I was planning to use something like this in my PhD but since I am not sure I would have time to do it (it is not the core of my work) and since it might fit this question I share it here hoping it might be helpful. If you plan to use something like this just let me know so that I discard the possibility of trying it myself.
I find your question very important because to me DEA would be more helpful if it could also work as a learning technique rather than just a ranking technique that does not say how can one improve.
So my understanding is that you want to pinpoint and analyze potential determinants of efficiency differences in your data (not to determine the best model to describe the data). If so, there are two ways to do this:
1) Running DEA and building a regression model with DEA efficiency scores being the dependent and other potential determinants as explanatory variables. This is well known two-stage approach which has often been criticized and shown to produce biased results. However, you would be surprised how often it is used at least to determine which determinants could be relevant.
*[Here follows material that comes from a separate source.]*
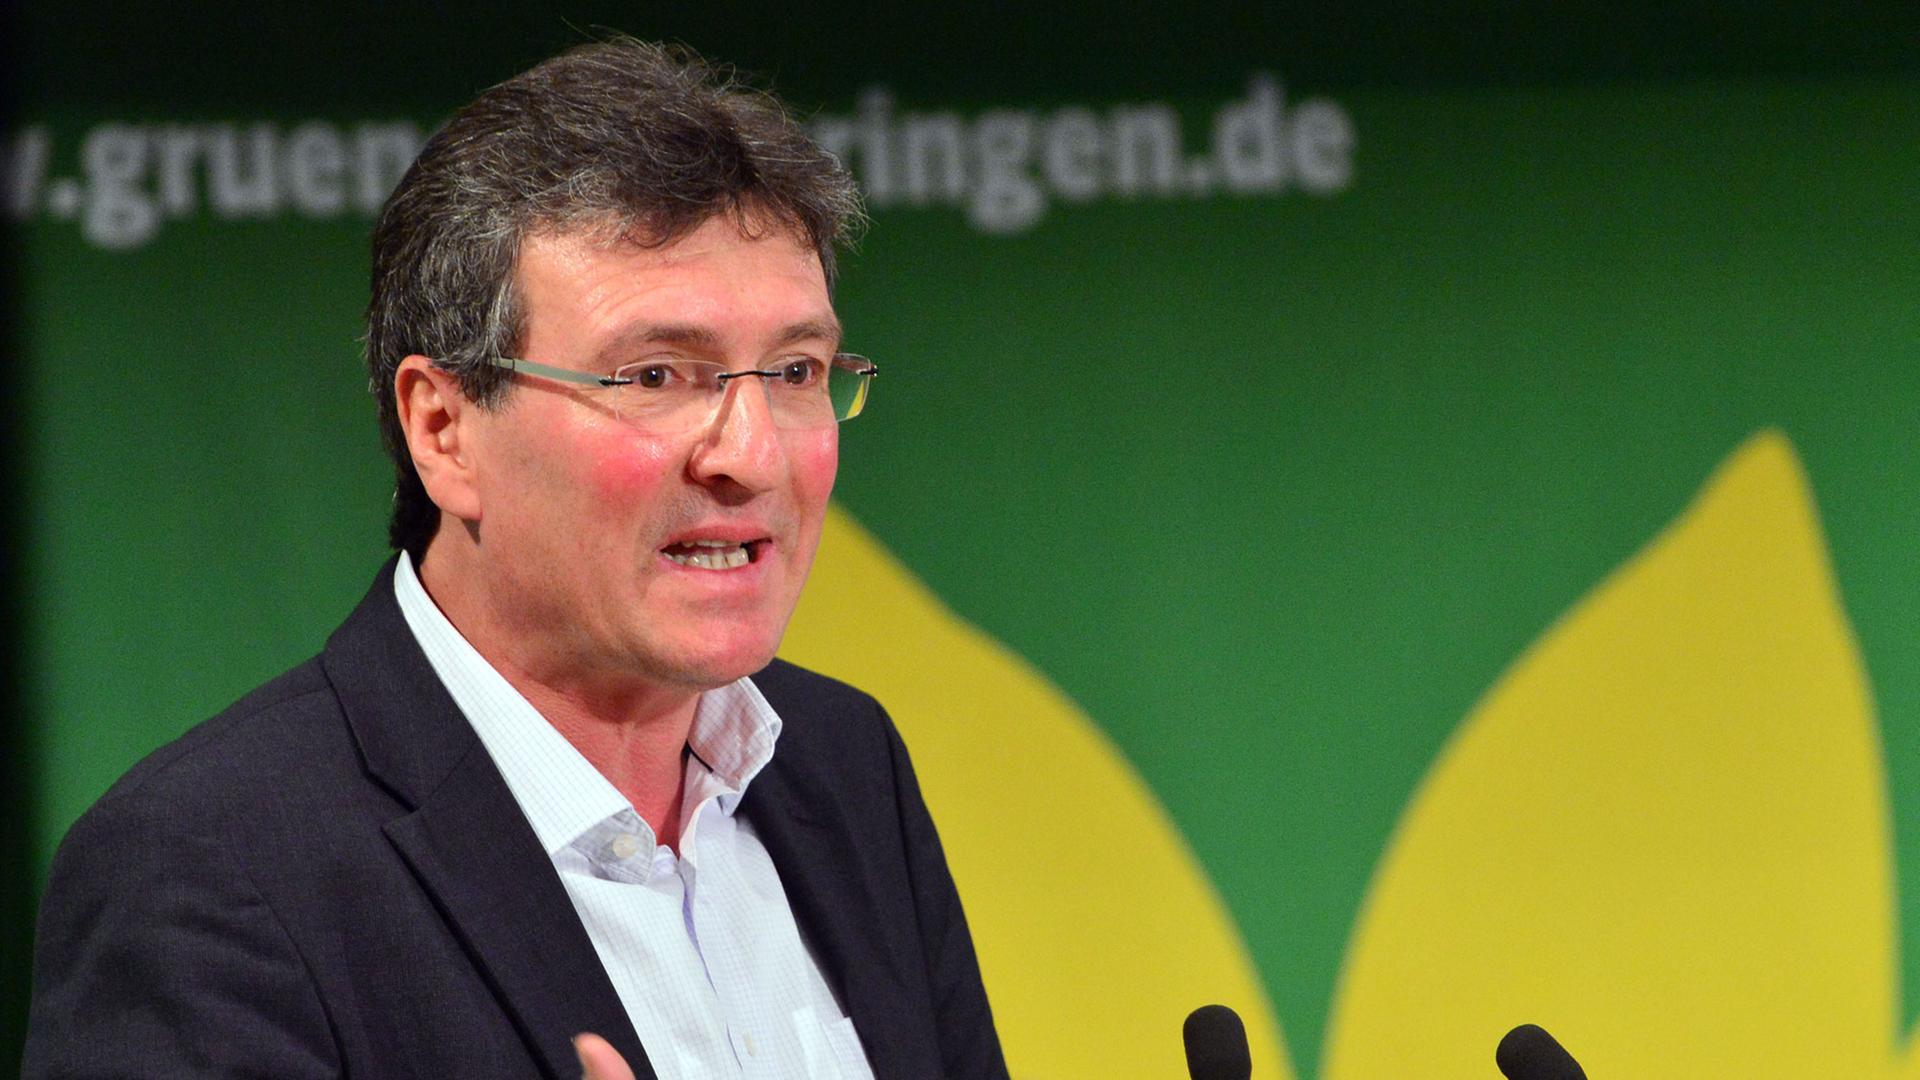 Der Landessprecher der Grünen in Thüringen, Dieter Lauinger.

2) Another option is a one-stage approach based on stochastic frontier analysis (SFA) - this, however, is parametric. In case of literature of Bayesian approach to SFA we have for example Varying Efficiency Distribution models; see, e.g., Koop Osiewalski and Steel (1997) “Bayesian efficiency analysis through individual effects…” Journal of Econometrics, 76. See also papers by Tsionas for alternative solutions. I remember that there are models that allow us to parameterize efficiency using some exogenous variables (potential determinants) in the classic/frequentist approach to SFA but I simply don’t follow that literature so closely. Also, I am not familiar with a nonparametric method that would allow for a one-stage procedure such as the one above.
I am attaching a section from my forthcoming book that can provide some information about two stage application as well as how to analyze the efficiency scores and other related results of DEA. I hope it will help.
If I understand correctly you wish to calculate which variables explain better the efficiency scores.
1) DEA provides an overall coefficient based on how well we use the inputs to produce a given level of output, or given a level inputs which is the level output achieved, but nothing related to coefficients in explaining the efficiency scores.
You may need a second stage using the efficiency scores as dependent variables and then include other variables that may not be control by the management of your DMUs (environmental). For example, this could be done with a truncated regression (where the efficiency units are not used in the second stage since they tend to be correlated with the estimators, Simar & Wilson 2007), bootstrap regression etc.
The truncated regression is a non-parametric regression due to not making assumptions regarding the structure of the population. In this case since the efficiency units are not considered in the analysis; the regression is truncated in the upper limit and therefore the efficiency scores must be lower than the unity to be evaluated .
Regression models are based on the assumption that the errors have a constant variance (homoscedasticity) and therefore they do not depend on the explanatory variables or predictors use to estimate the dependent variable ( ). Heteroscedasticity implies that differences between the observed value and the real value of the population are potentially variable as the error depends on the predictors’ conditions used in the model; consequently the variance of the errors is not constant
Bootstrap methodology allows estimating a robust standard error by relaxing the assumption of homoscedasticity, when there is no assurance regarding how the errors are distributed. Bootstrapping is a technique to obtain robust estimator of standard errors and confidence intervals such as mean, median, proportion, odds ratio, correlation coefficients and regression coefficients. This is the most useful alternative to parametric estimates when the assumptions are in doubt.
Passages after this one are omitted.